Mastodon won’t save us

By the end of this week, Twitter will (maybe?) be owned by Elon Musk. And as much as the past leadership hasn’t understood the site, the future doesn’t understand it even more. Some users are publicly contemplating leaving the site, perhaps much in the same way that people say they’ll move to Canada after an election. In any case, people are talking about Mastodon a lot more than they have in a while.

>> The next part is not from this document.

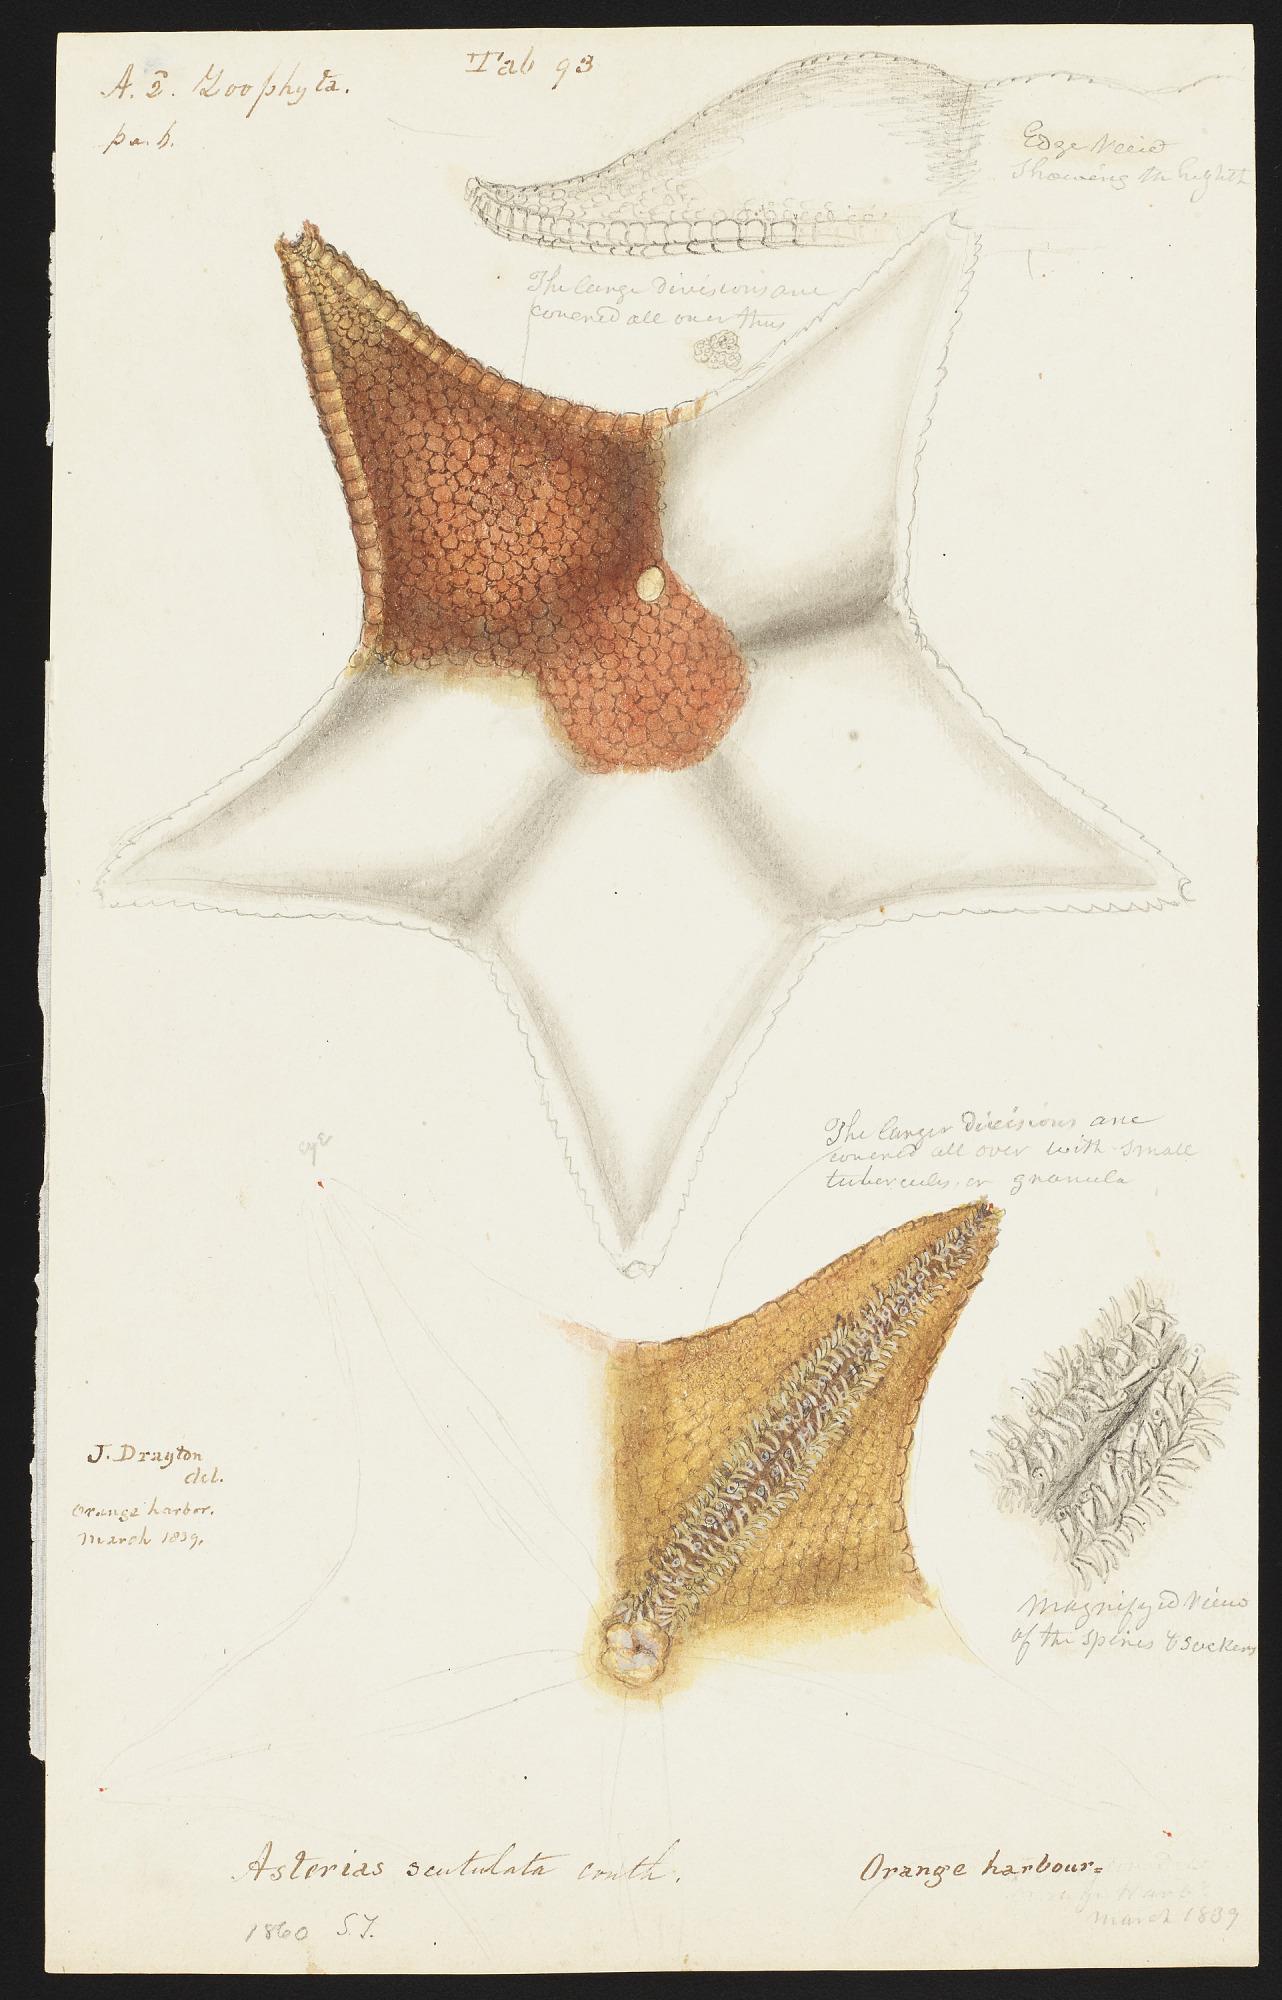 Echinoderms, drawings by Joseph Drayton, 1838-1839, Smithsonian Field Book Project, SIA RU007186.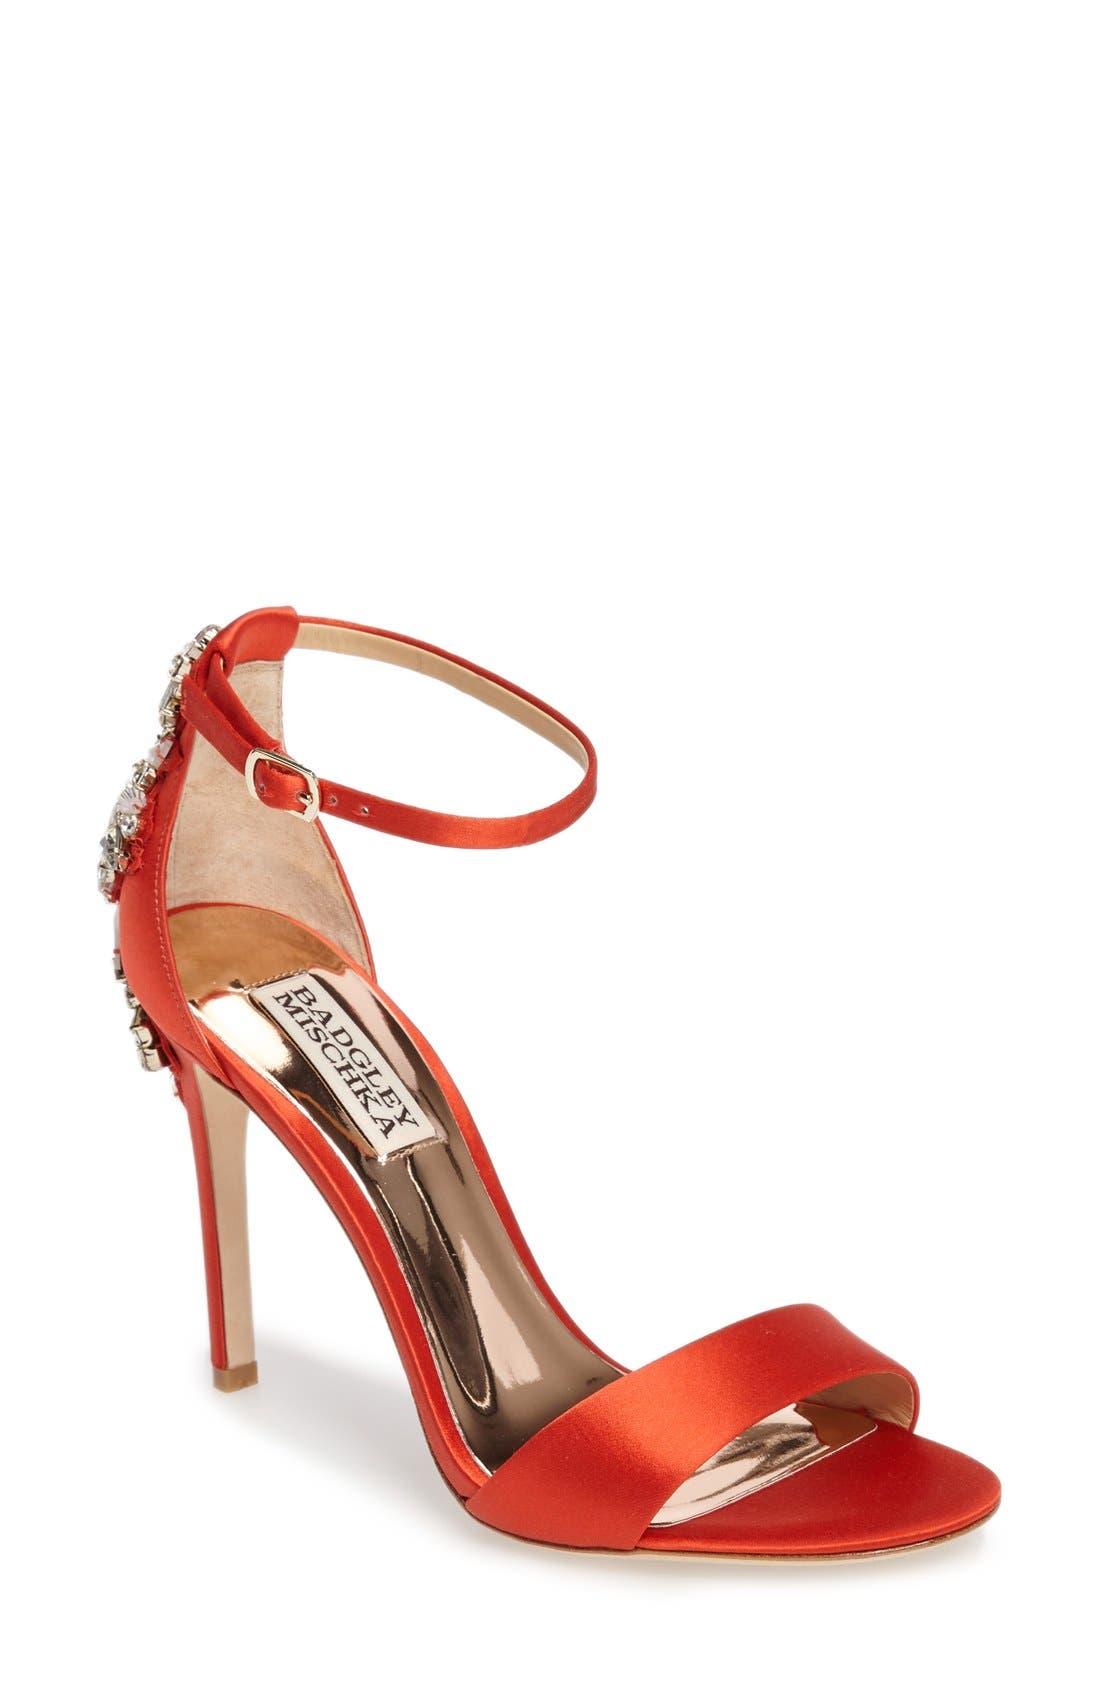 Alternate Image 1 Selected - Badgley Mischka Bartley Ankle Strap Sandal (Women)

I’m not convinced that Mastodon is the answer. Social media success isn’t about being technically or morally better; it’s about the network. Almost everyone I’d interact with on Mastodon is already on Twitter. Where’s the incentive to move? I get to maintain two parallel accounts instead? It’s a Catch-22 that helps the big players stay entrenched. Will the average person get mad enough at Twitter to switch to something else? I’m not betting on that.

If people do switch, the decentralized nature of Mastodon is an anti-feature for the average person. There’s no one Mastodon service like there is with Twitter. How does the average person pick an instance? How do small instance maintainers keep going?

In some ways, Mastodon is more like email than Twitter. The federated nature makes moderation and safety more complex. Detecting ban evasion is hard enough on a single server, never mind dozens of servers. Despite its ubiquity, no one loves email and spam continues to be a fact of life.

Centralization is inevitable-ish, at least for a successful service. At which point, we’ve just shifted the problem.